What to work on
Give the number of lines in the data below that contain "Hauteur", with no other words.

[Stored dataset items]
——————

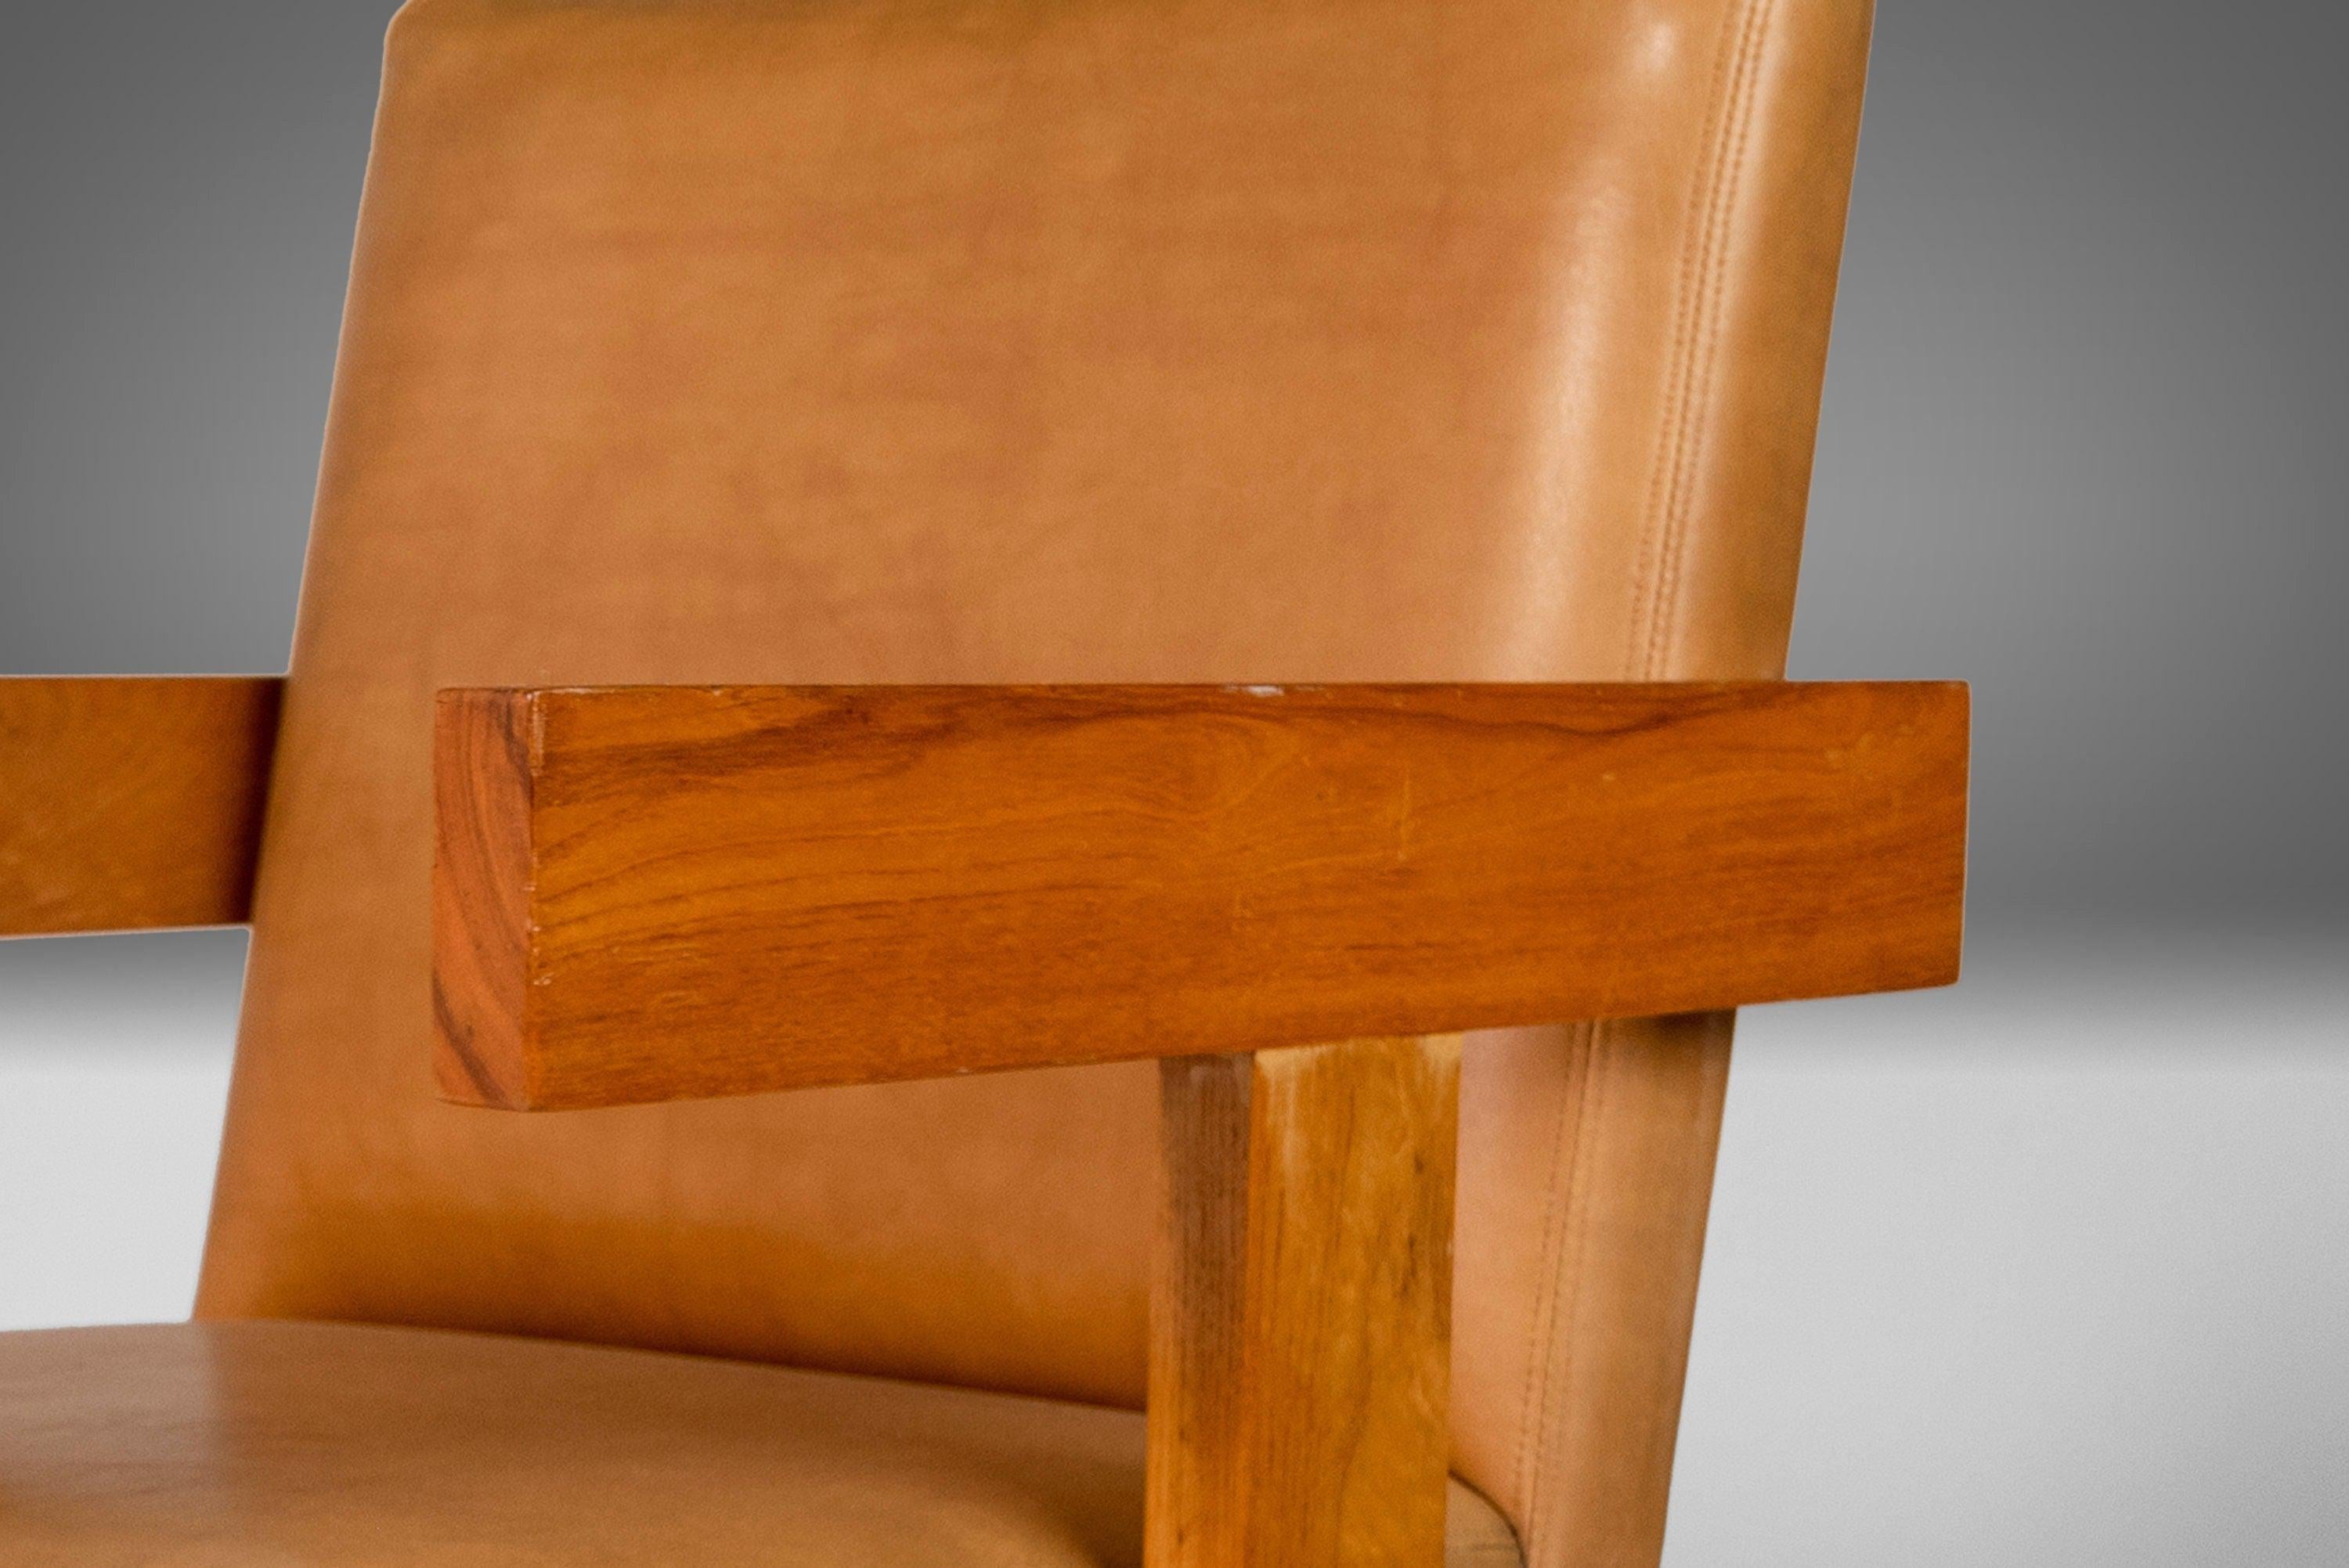 Un ensemble solide et substantiel de 2 chaises de salle à manger d'après Jens Risom. Construit en chêne avec les sièges en vinyle d'origine.

Largeur : 21.5 in / 54.61 cm
Profondeur : 23 in / 58.42 cm
Hauteur : 32.75 in / 83.19 cm
Hauteur du siège :

——————

Answer for this exercise
2